In conclusion, scratchpads help divide a problem into relatively easy subproblems. Given the results of each subproblem, achieving the final goal becomes extremely easy. A good scratchpad requires explicitly printing all of the intermediate results produced in the intermediate problems!

What should their style look like?

As mentioned in this tweet, explicitly writing the intermediate values' position or type information helps the model align the values. In the below Figure, we have marked the carry-over values in tri-way sums, as noted with (c=value) marks in Figure 6.
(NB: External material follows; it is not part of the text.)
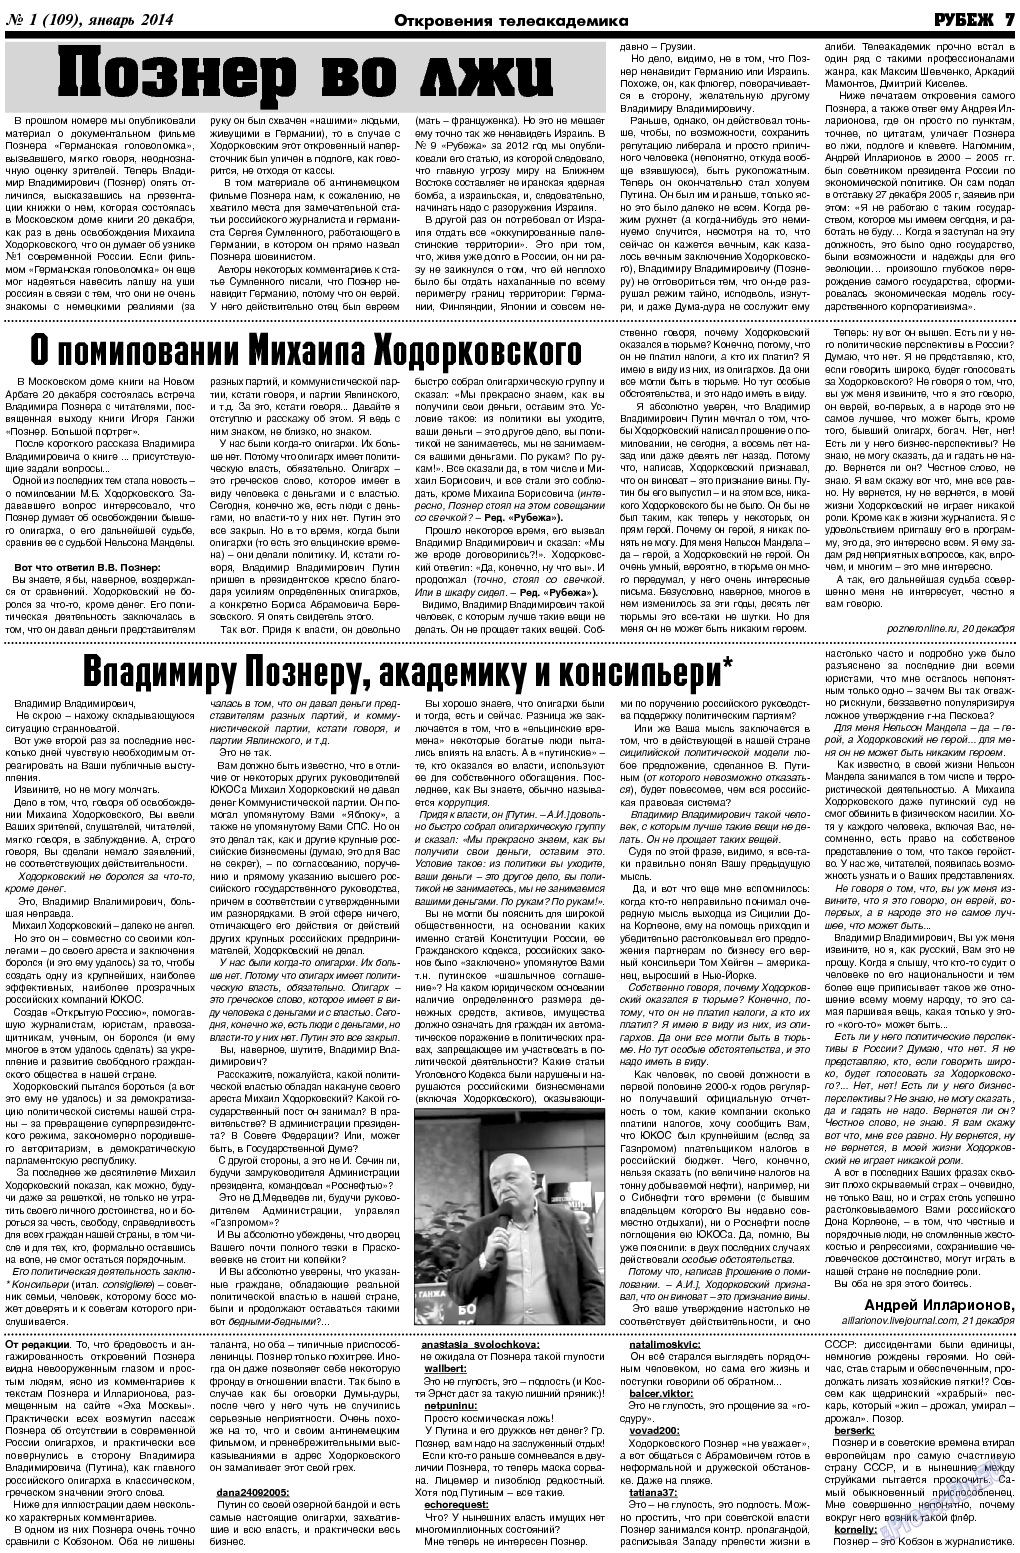 Рубеж, газета. 2014 №1 стр.7

Now, we test the effect of removing these carry-over markings from the prompt and find out that they are also consistently helpful across different number of digits, including the out-of-distribution 7-digit summation.

Magical Incantations

People found that starting the prompt with "I am smart ...." increases the accuracy of zero-shot prompting, so we have a similar thing in our main prompt, "I am a perfect calculator." We looked at the effect of such statements being in the prompt and found out slight to no difference compared to starting with "I am a robot".

Explicit Instructions for Step-by-Step Reasoning

Before starting the scratchpad, we explicitly said: "Starting from the rightmost column" to hint the model that the algorithm starts from the least significant digit. We now remove that statement to see if it has any effect on it.

We found a non-negligible effect:

Can we do this zero-shot?: Some suggest that you can trigger this kind of reasoning in a zero-shot manner by just appending "Let's think step-by-step":

We tried two such zero-shot prompts,

and none worked for the arithmetic task.

In conclusion when it comes to style, a scratchpad must not leave anything to interpretation by the model and place appropriate markers. For instance, the tri-way sum without carry-over markers (1+8+9) requires the model to infer which summand is the carry-over, and thus results in poor performance.

Conclusion

In this post, we tried to categorize components of scratchpads and analyze their effects based on a prototype addition task. We found that scratchpads help LMs to tackle novel tasks by breaking them into known subtasks that can be solved in latent scratchpad steps. That said, the current status of scratchpad/chain-of-thought prompting is more like alchemy: we do not know how it actually works and why it is useful. If we want to learn better ways of "coding" these language models into problem solvers, we need more empirical (e.g., Olsson et al., 2022) and theoretical (e.g., Xie et al., 2022) analysis on this topic.

Acknowledgments

We thank Jacob Andreas for his valuable feedback on the experiment design and on the writing, and we thank Denny Zhou for providing his comments on the initial draft.

Footnotes and Citation

Citing this blog post:

@misc{akyurek2022gpt3addition,    author = {Akyurek, Ekin and Akyurek, Afra Feyza},    title  = {Notes on Teaching GPT-3 Adding Numbers},    url    = {https://lingo.csail.mit.edu//blog/arithmetic_gpt3},    year   = {2022}}

1 We had started with text-davinci-002 and spent some money, but then we realized Codex is free and all the relative ordering of success of different prompts stayed the same. In addition, the Codex is overall better than the text-based model.
2 Our prompts include up to 6 digits, so 7-digit experiments can be considered an out-of-distribution challenge.
3 Even the template "Q: What is {x1} + {x2} A: {y}?", without delimiters, results worse than "Q: What is {x1} plus {x2} A: {y}?" in few-shot experiments for 7 digit results.
4 These results should be taken cautiously and should be verified with more data and randomization by skeptic readers.